Written by 2017 Participants
LEADERSHIP PROGRAM EXPLORES VIBRANT COMMUNITIES
Participants of the Loddon Murray Community Leadership Program (LMCLP) 2017 spent the weekend of March 26 and 27 in Swan Hill discovering how individuals and organisations contribute to a vibrant community.
Sunday’s program focused on using different forms of media effectively, responsibly and forming relationships in your own local towns with media resources.
Participants appreciated being welcomed to community radio station SMART FM (99.1) and hearing about how it is run by volunteers and how they keep the radio station modern and vibrant. One or two participants even had a chance to practice their media skills briefly on air!
Cassandra Klabbers from Smart FM then joined a panel of local community media experts which also included Felicia Chalmers (ex-editor of the Guardian newspaper), and Paul Dillon from Mallee Rising. They discussed how participants can use print, radio or digital technologies to connect with and celebrate their regional communities. “One of the key things the local media can do to help promote positivity and build local pride” said Felicia Chalmers.

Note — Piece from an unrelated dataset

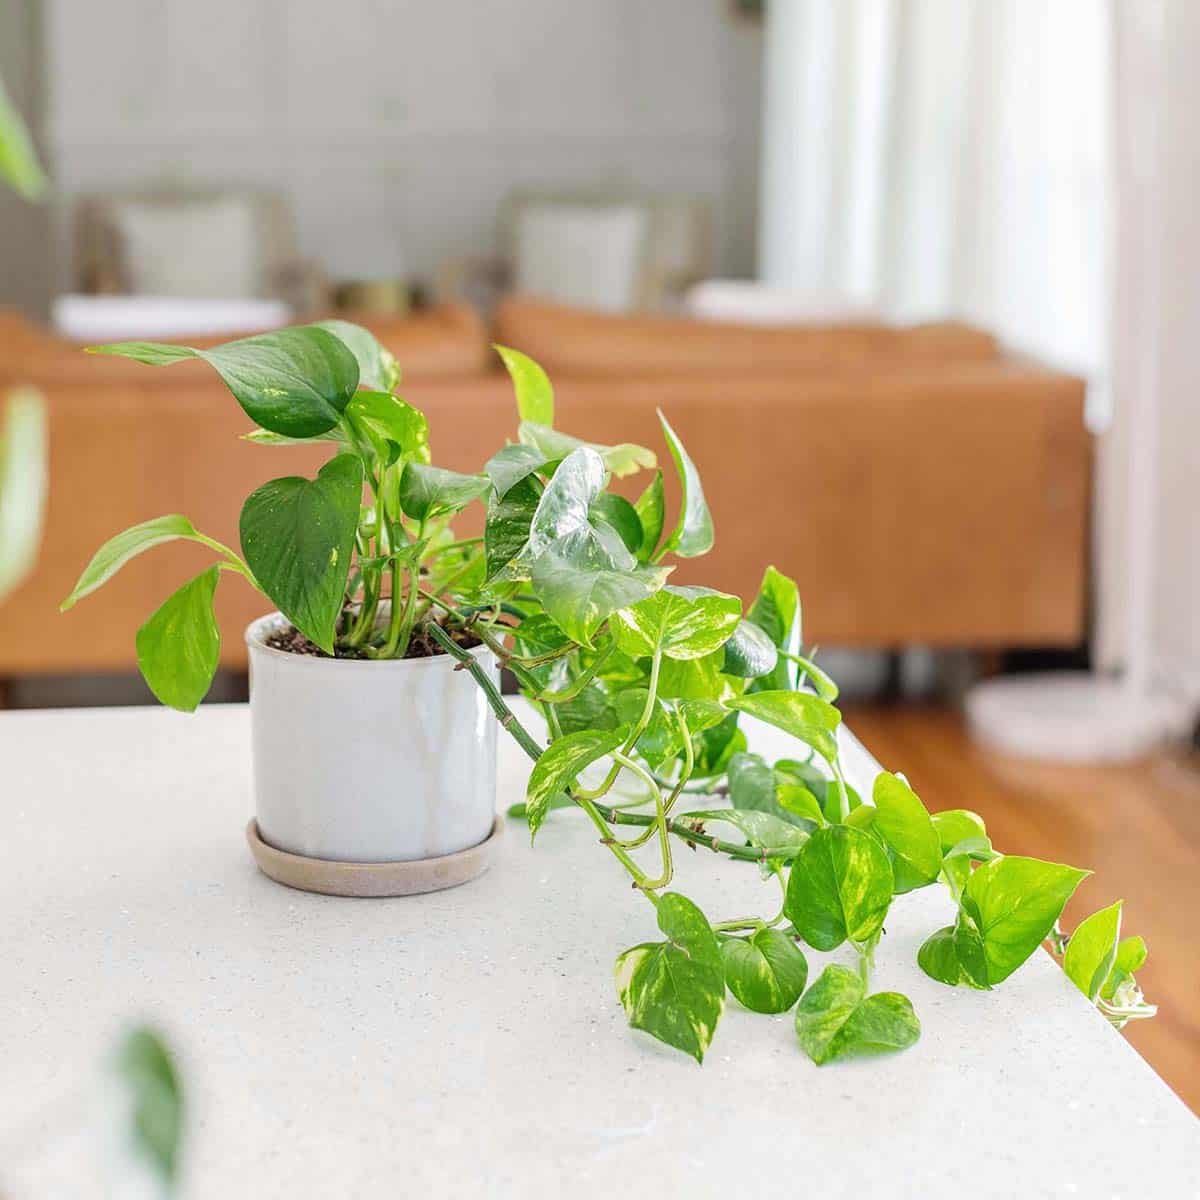 Find out how to Look after Golden Pothos
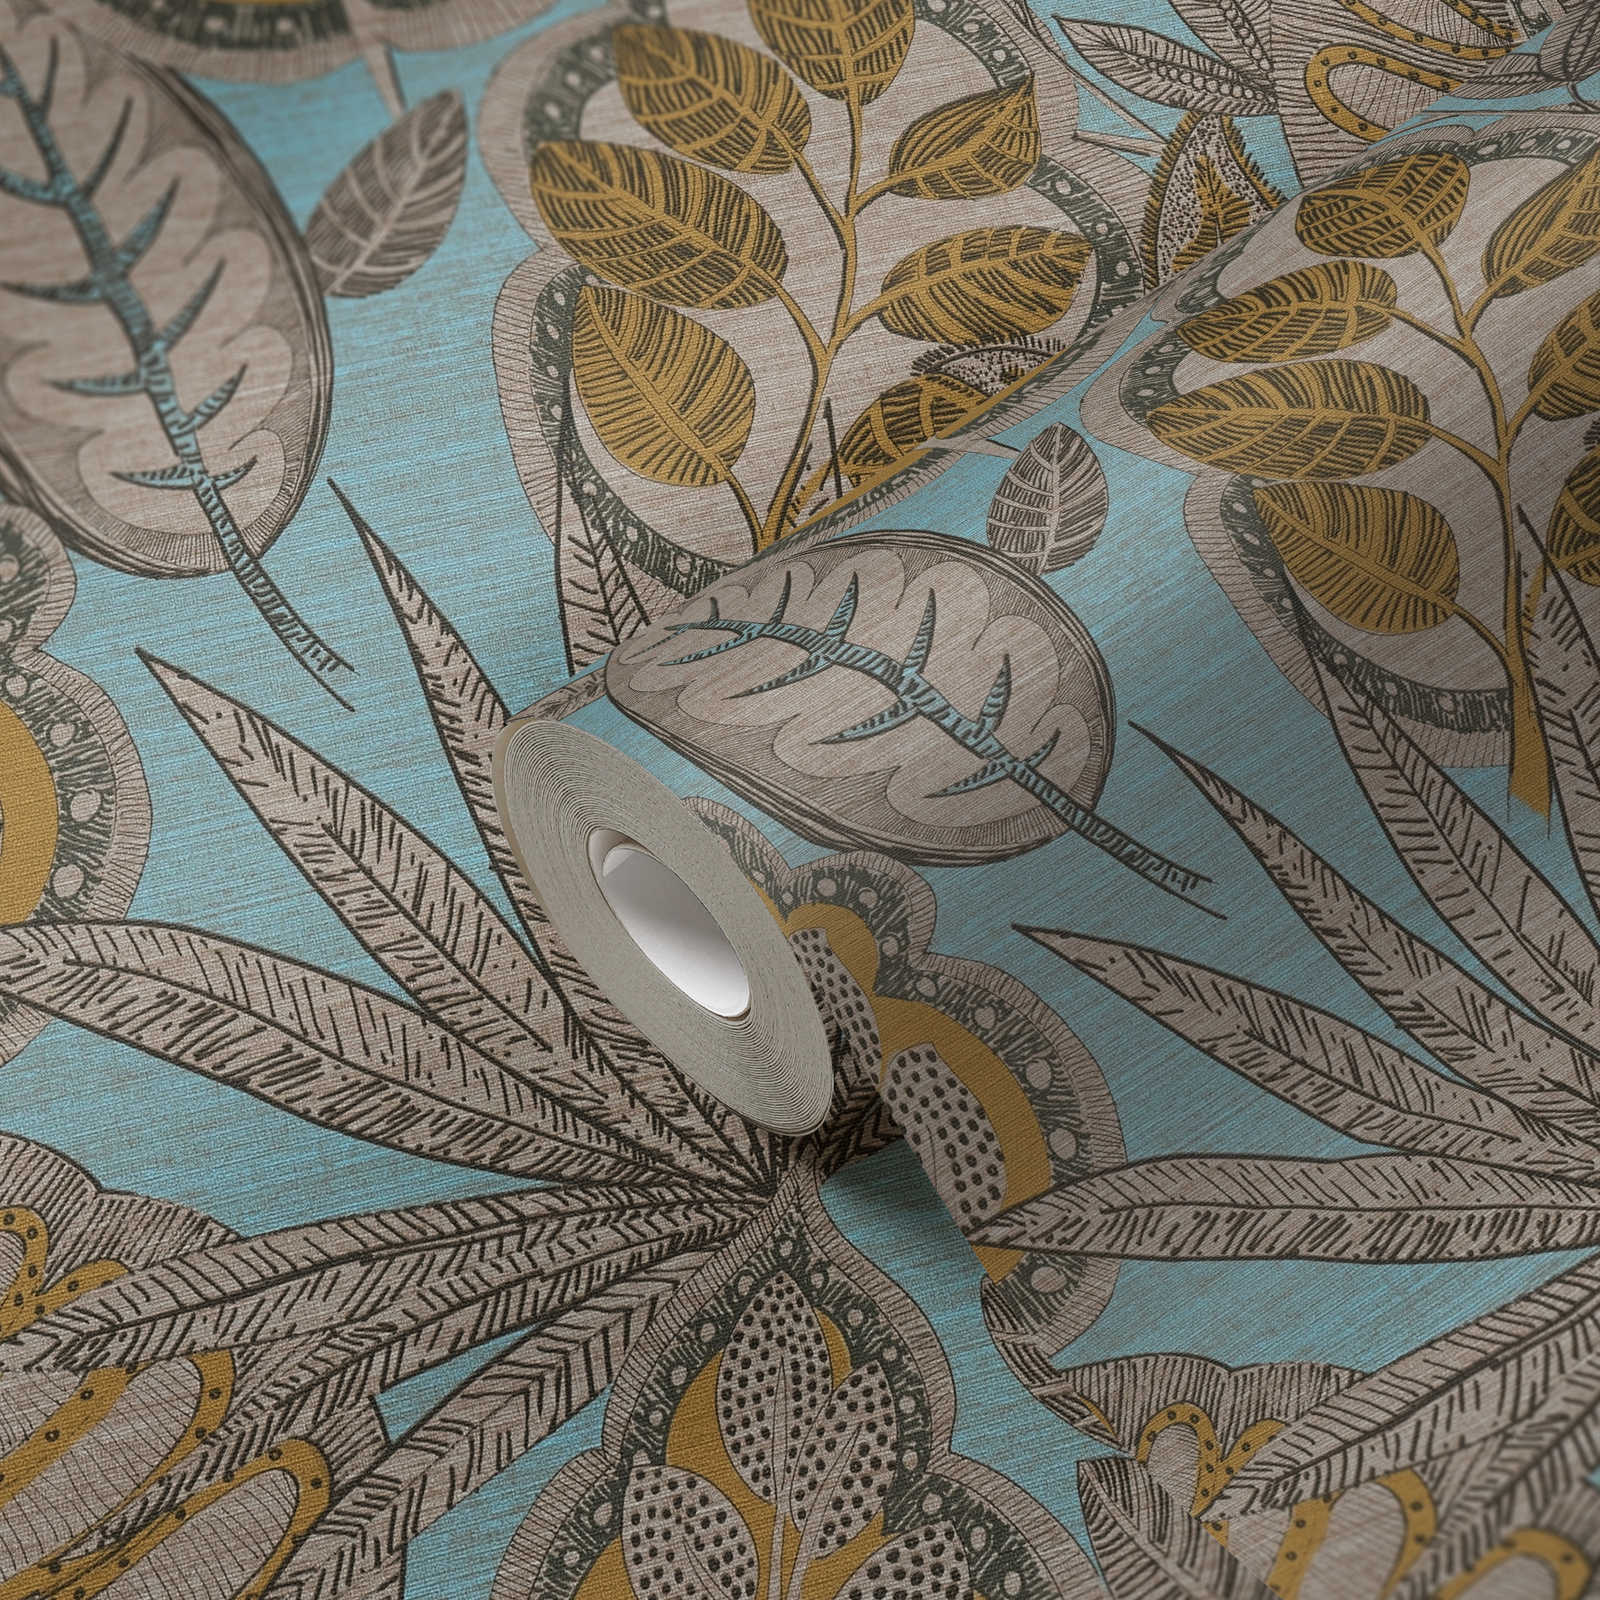             Floral non-woven wallpaper in graphic style with light structure, matt - light blue, yellow, brown

Community Leadership Loddon Murray’s Executive Officer Julie Slater then shared her expertise on traditional and emerging media styles, explaining that “confidence (in using the media): is going after Moby Dick in a rowboat and taking the tartar sauce with you”.
A tour of the Pioneer Settlement was conducted by Team Leader, Glynis Pitts who spoke passionately about economic development, tourism and working effectively with a large volunteer program. Glynis inspired participants with her view that “if you’re a good leader you can inspire others – you lead and listen to others.”
Involvement of local LMCLP Graduates is often a rich feature of program days and Swan Hill has a number of graduates who have gone on to significant roles in their community. Participants enjoyed a reflection opportunity with Yvonne Jennings who graduated from the very first leadership program year in 1998, Councillor Chris Jeffrey, who was recently elected to Council after graduating from LMCLP last year, and Kurt Poltrock, leader of vibrant local business Grizzly Engineering who completed the program in 2009.
Swan Hill Rural City Council have long been sponsors of the program and participants enjoyed a session on the role of local government in building vibrant rural communities. Deputy Mayor Ann Young, Cr Chris Jeffery, CEO John McLinden, and Economic and Community Development Manager Emma Crameri spoke about how council supports and builds vibrant communities through proactive communication, partnerships, advocacy and representation. Cr Ann Young advised the group to be proactive community leaders by “tak(ing) the bit between the teeth – nothing is gained by sitting back”.
Out and about in Swan Hill participants were blown away by the award-winning Heartbeat of the Murray Sound & Light show, and enjoyed the community story behind the Lake Boga Flying Boat Museum where Daryl Allen (Museum Manager) used the museum to illustrate that striving for 10% growth a year, documenting success and failures and learning from them, will lead to a project that flourishes and is sustainable.
Participant Charlie Aves from Gisborne in the Macedon Ranges summed up the group’s learning from the two days: “Together we build vibrant communities. We so and heard so many examples of how, with respect and a shared vision great things can be achieved. Whether it was Harmony Day, the community radio, the pioneer settlement and the light show, Grizzly equipment, or the flying boat museum, the common thread was the sense of community, the respect for others within that community, and for the volunteers and workers who shared the vision and helped make it happen. You need to share the vision, and by respecting those around you, you can help to enable others to step up and help achieve that vision.”